Figure: IREN has increased by 987% this year, HUT by 249%, and CORZ by 131%
Data Source: TradingView
3. Key Points and Risks for Future Market Trends
- In the short term, focus on the signing of large contracts and the scaling of upstream capital.
The customer concentration in the AI/HPC business is extremely high, with companies like CoreWeave, Microsoft, and Google handling most of the business demand. It is essential to closely monitor the Capex (capital expenditure) guidance from upstream companies; if Capex guidance is raised in Q4, it can reasonably be inferred that the AI/HPC business demand for transforming mining companies is growing; simultaneously, the signing of orders and execution pace are also more intuitive indicators to watch.

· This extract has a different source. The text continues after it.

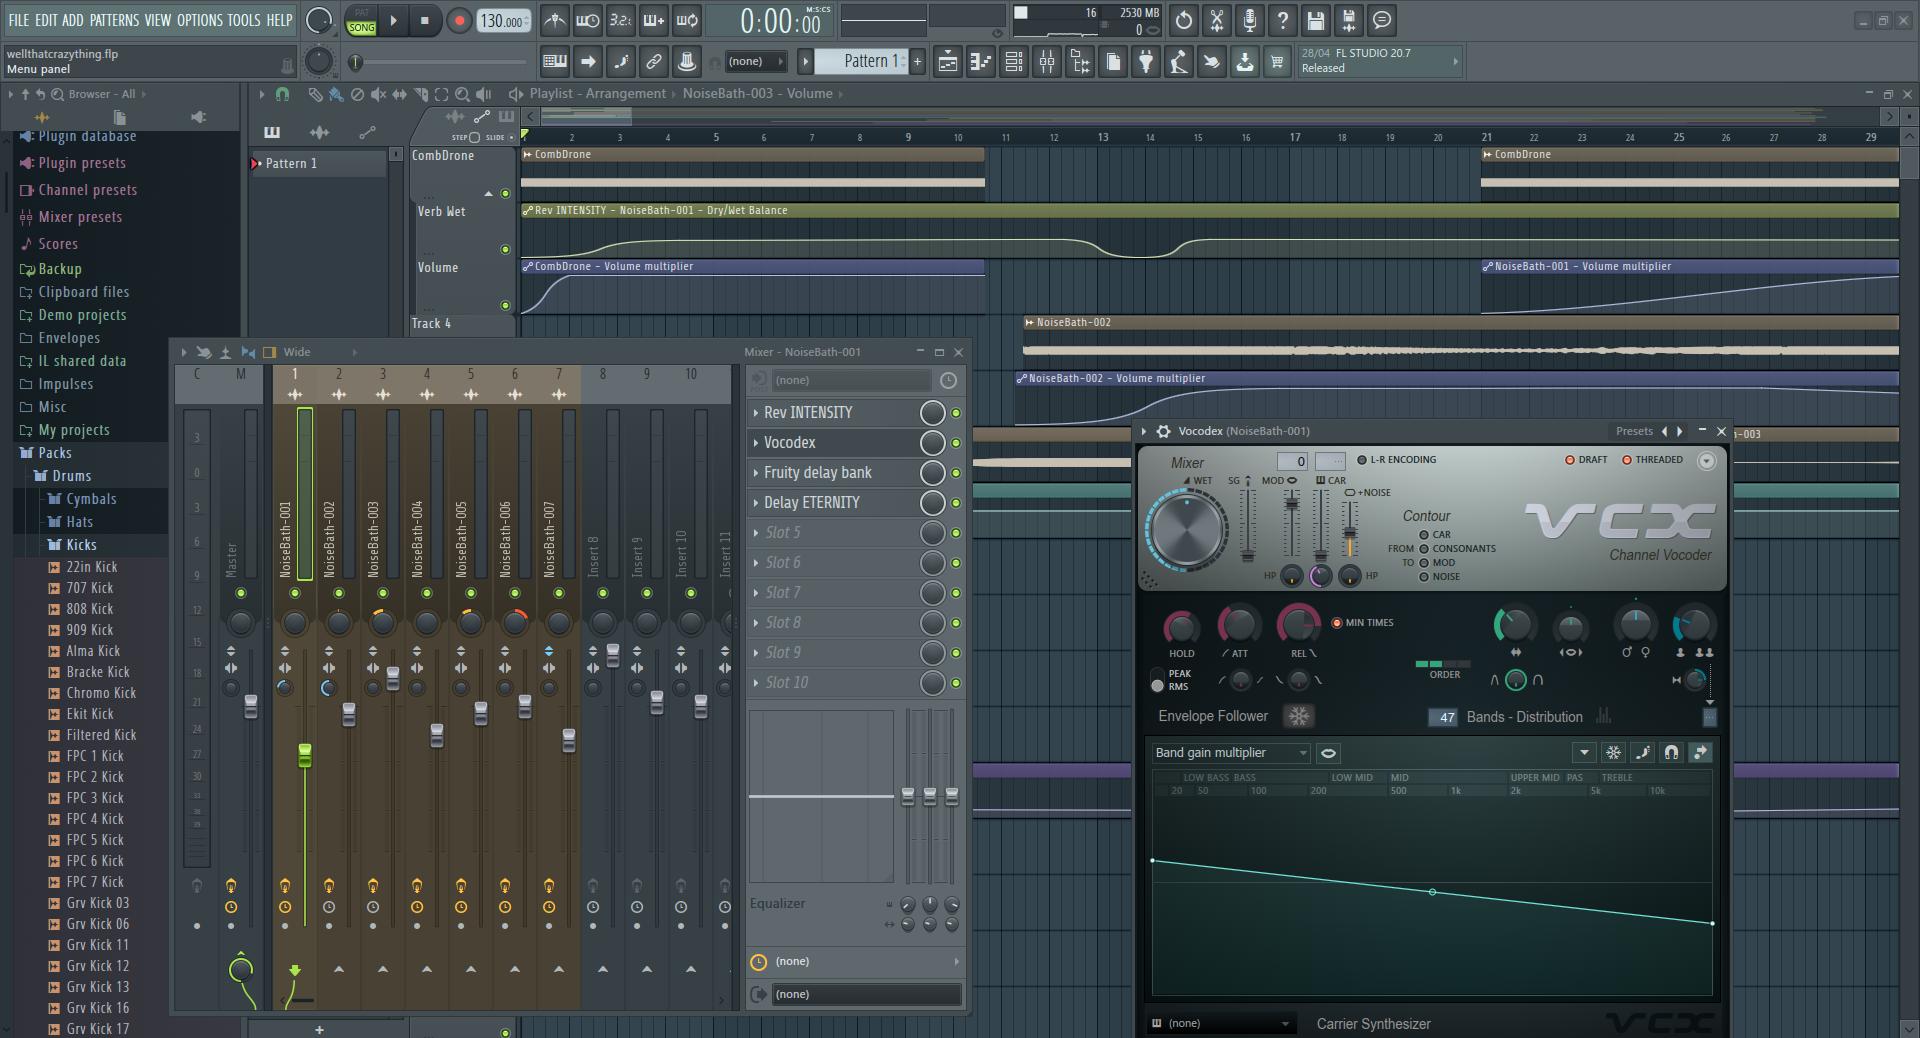 FL Studio 20.7 adds MIDI Scripting, new music video tools, in latest free update - CDM Create Digital Music

- In the long term, pay attention to the expandable power scale of mining companies, their ability to maintain low electricity prices, and whether AI can continue to expand to ensure sustained growth in power demand, which will support high valuation levels in the AI/HPC sector. Additionally, data centers are capital-intensive businesses, so it is crucial to monitor the companies' financing capabilities and financial health; the risk of fixed asset depreciation due to technological advancements; and the fact that this sector is still in the narrative and investment phase, necessitating caution against excessive speculation and the risk of performance not meeting expectations.